Figure 9. Effect of thermal stimulation on orthodontic treatment-induced excitation of the jaw-opening reflex. (A) Experimental procedure for the application of orthodontic force, thermal stimulation and the evaluation of jaw-opening reflex excitability. (B) Thermal stimulation (30 s, 45°C) significantly increased the right-side threshold for inducing the jaw-opening reflex. (C) Thermal stimulation (30 s, 45°C) significantly increased the gingival sulcus temperature on both sides. BH, before heating (thermal stimulation). Arrow & Heating: thermal stimulation. Two-way ANOVA, side: p < 0.05, time: p < 0.05, side × time: p < 0.05; Dunnett's post hoc test, ^*p < 0.05: vs. “BH of left,” ^#p < 0.05: vs. “BH of right”.

FIGURE 10

Figure 10. Effect of thermal stimulation immediately after the application of orthodontic force on the development of orthodontic treatment-induced excitation of the jaw-opening reflex. (A) Experimental procedure for the application of orthodontic force, thermal stimulation, and the evaluation of jaw-opening reflex excitability. (B) Thermal stimulation (30 s, 45°C) did not alter the right-side threshold for inducing the jaw-opening reflex on D1. (C) Thermal stimulation (30 s, 45°C) did not alter the temperature of the right molar gingival sulcus on D1. Heating: thermal stimulation. JOR, evaluation of jaw-opening reflex excitability. Paired t-test, ^*p < 0.05.

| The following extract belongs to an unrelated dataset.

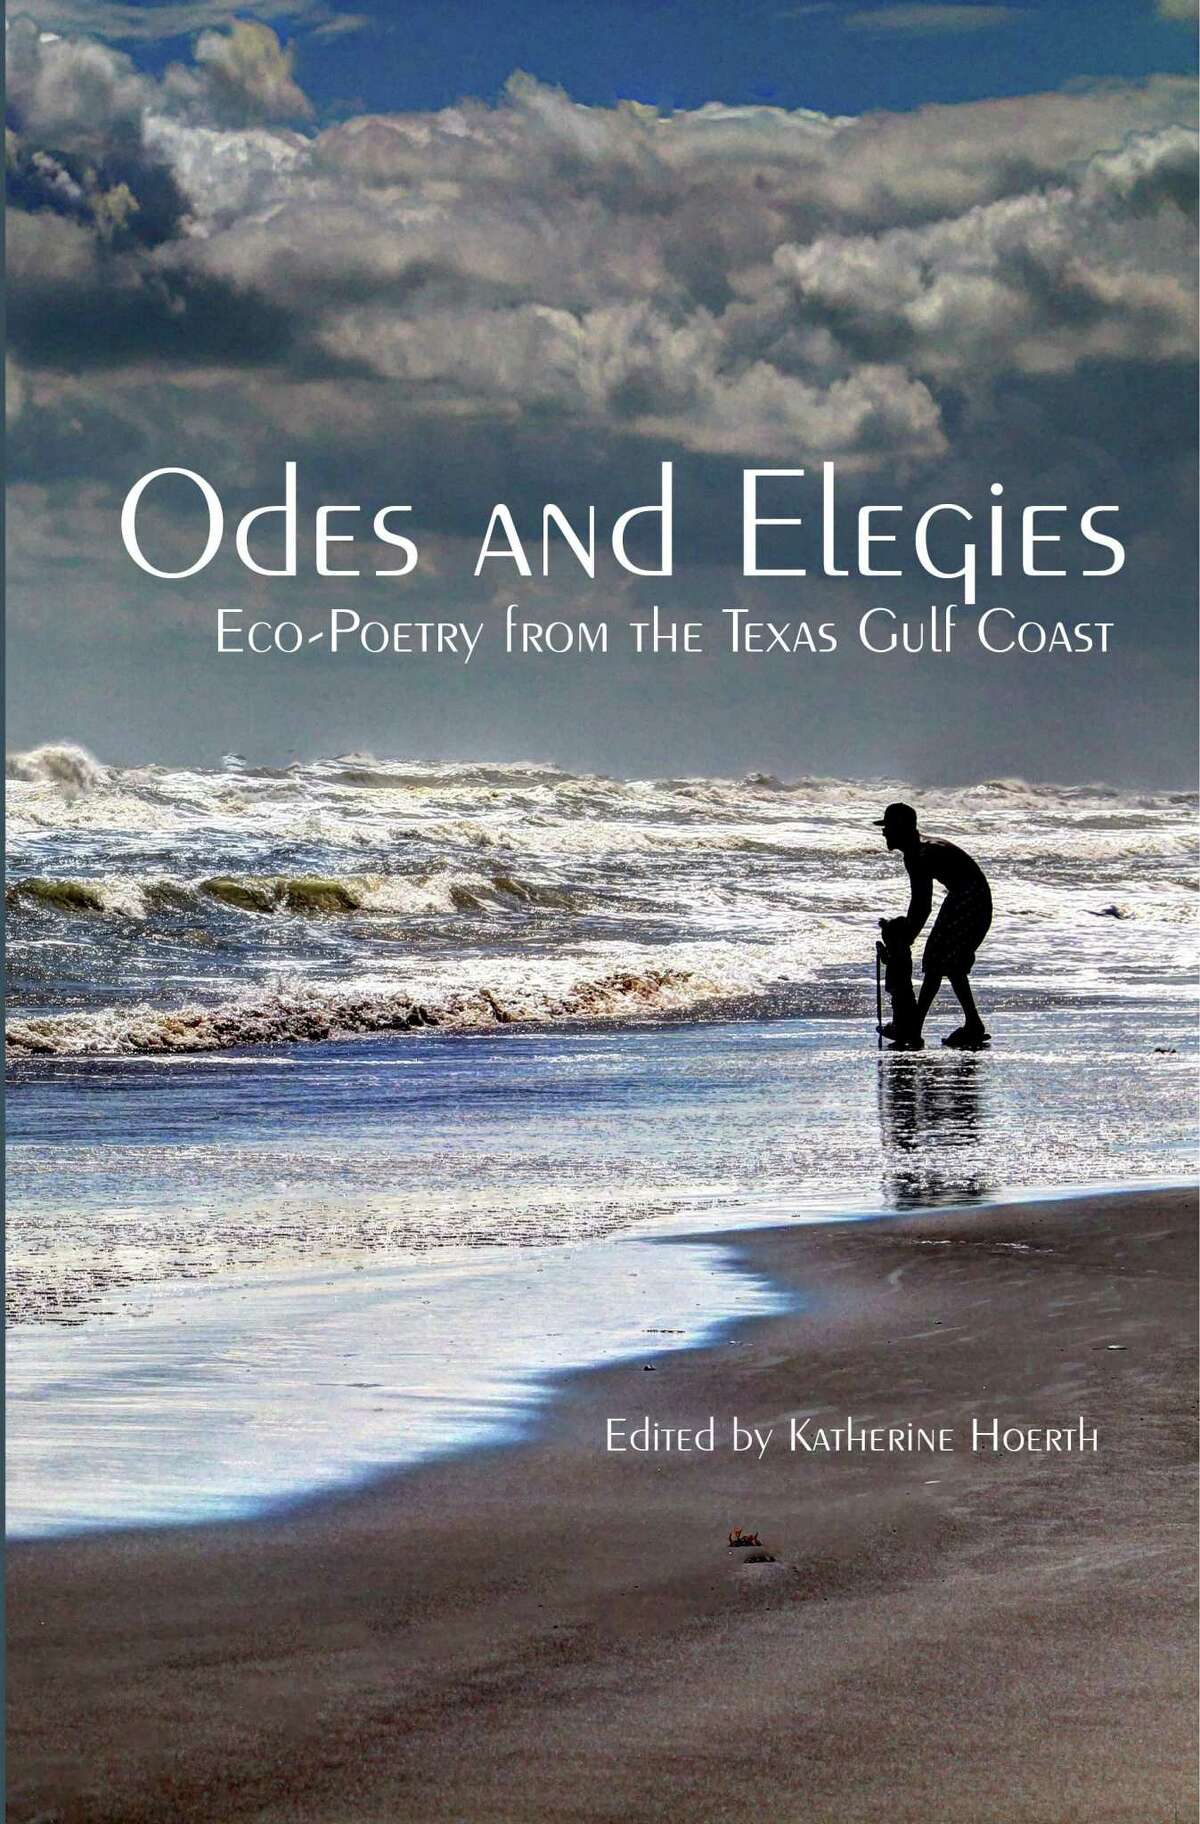 “Odes and Elegies: Eco-Poetry from the Texas Gulf Coast” is an anthology of poetry written by poets from all walks of life about the Gulf Coast region of Texas. The new anthology features a poem by Conroe poet Dave Parsons about the late Priest Hubert Kealy who served at Sacred Heart Catholic Church.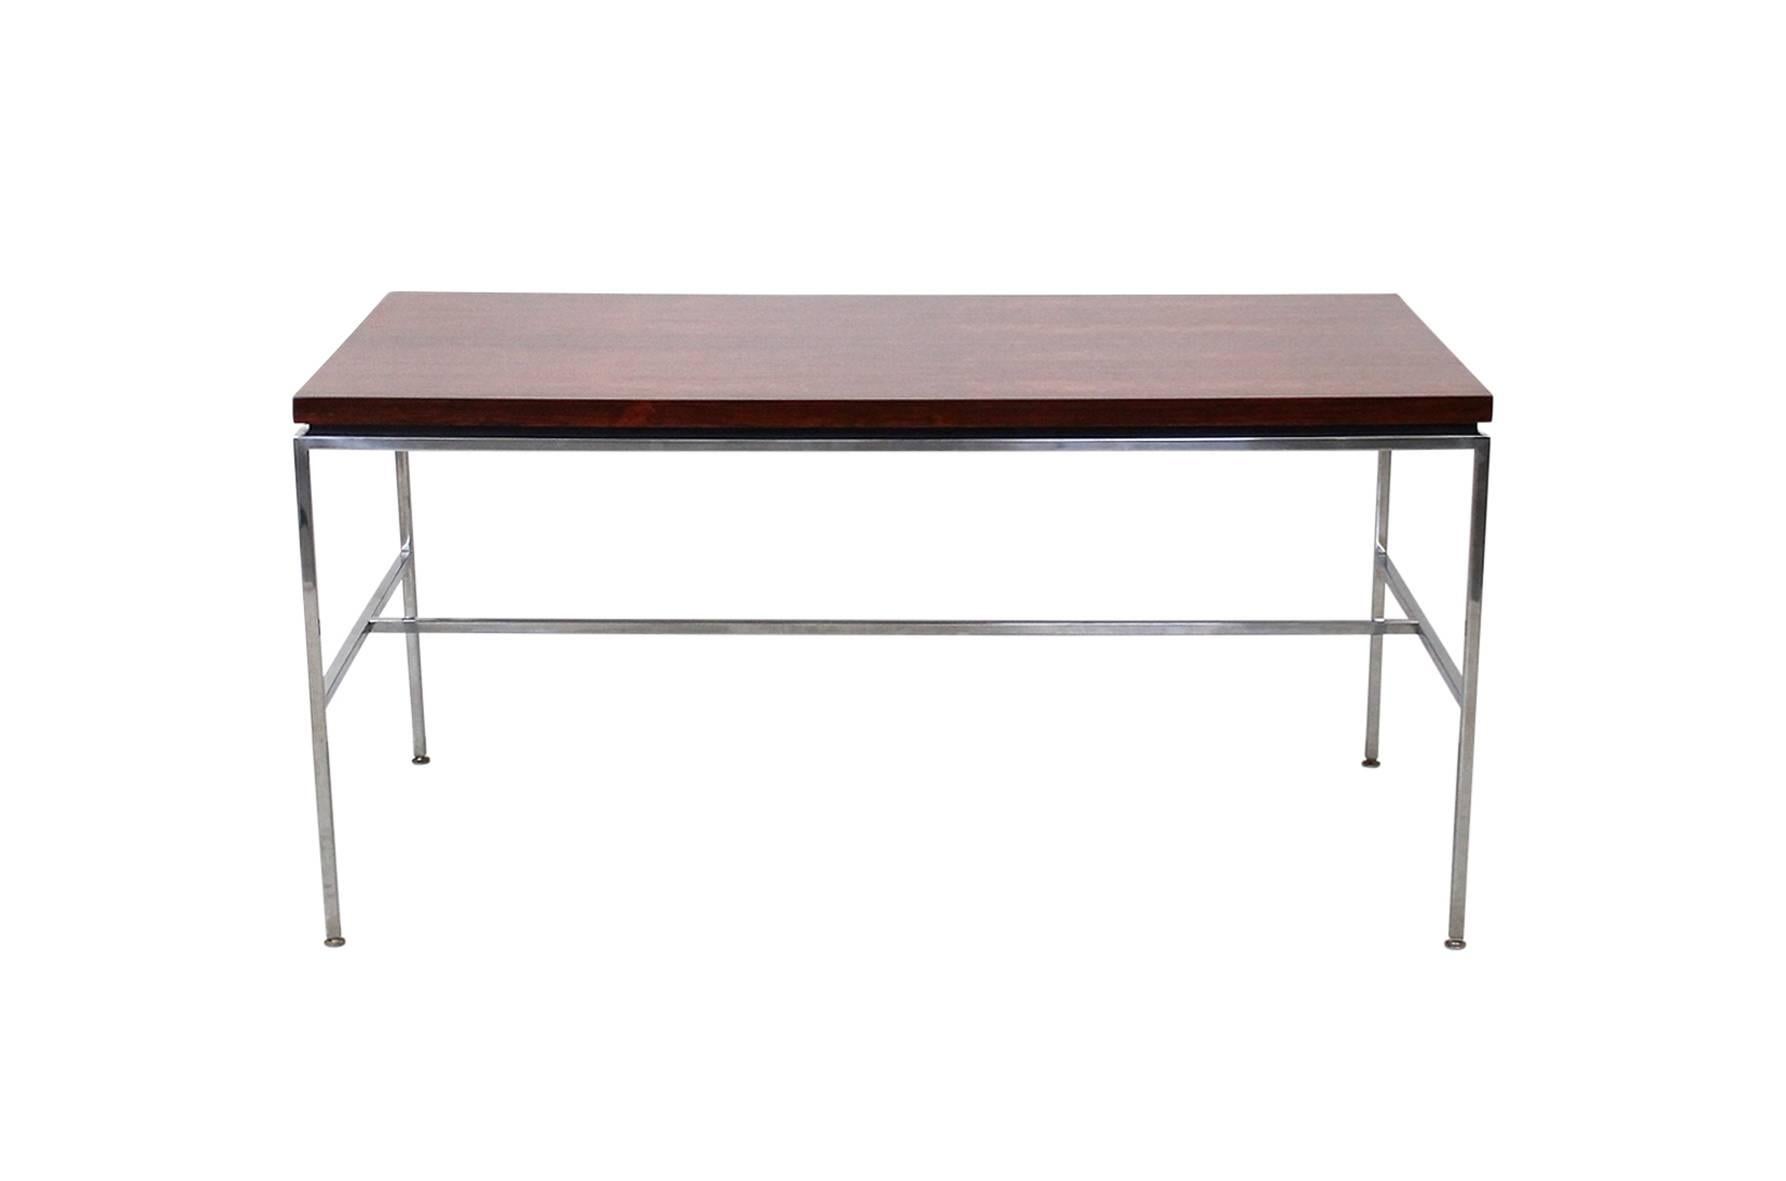 Minimalist desk by Drexel. This seldom seen design by the American company features a floating exotic wood top over steel base. Suitable as a writing desk or work table.

Effect of Local Anesthesia on Jaw-Opening Reflex Excitability in the ETM Groups

Both surface and infiltration anesthesia of the palatal mucosa of the right maxillary first molar significantly (p < 0.05) increased the right-side threshold for inducing the jaw-opening reflex, and the increase in the threshold was sustained until the termination of observation (Figures 11B,C). Although surface anesthesia of the left molar region did not alter the left-side threshold for inducing the jaw-opening reflex, infiltration anesthesia of the left molar region significantly (p < 0.05) increased the left-side threshold for inducing the jaw-opening reflex. The intensity of the left- and right-side thresholds after infiltration anesthesia were similar.

FIGURE 11

Figure 11. Effect of local anesthesia on orthodontic treatment-induced excitation of the jaw-opening reflex. (A) Experimental procedure for the application of orthodontic force, local anesthesia, and the evaluation of jaw-opening reflex excitability. (B) Surface anesthesia applied to the right maxillary first molar region significantly increased the right-side threshold for inducing the jaw-opening reflex. (C) Infiltration anesthesia applied to the right maxillary first molar region increased the right-side threshold for inducing the jaw-opening reflex. LA, local anesthesia; BT, before treatment (local anesthesia). Arrow: local anesthesia. Two-way ANOVA, side: p < 0.05, time: p < 0.05, side × time: p < 0.05; Dunnett's post hoc test, ^*p < 0.05: vs. “BT of left”.

Discussion

In this study, the beneficial effects of laser irradiation by common dental lasers using different light sources on the orthodontic pain-related reflex and ETM were examined. In this animal model, the threshold for inducing the jaw-opening reflex was significantly reduced on the right side, which was subjected to orthodontic force, compared to the left side, which remained intact. These findings are consistent with those of previous studies reporting that trigeminal (e.g., pulp and temporomandibular joint) noxious stimulation increases jaw-opening reflex excitability (27–29) and that orthodontic force-induced inflammation in the periodontium (e.g., the periodontal ligaments and alveolar bone) plays a crucial role in the excitability of the jaw-opening reflex (21). In addition, it has been confirmed previously that the application of an orthodontic apparatus without spring elongation did not alter the excitability of the jaw-opening reflex (21).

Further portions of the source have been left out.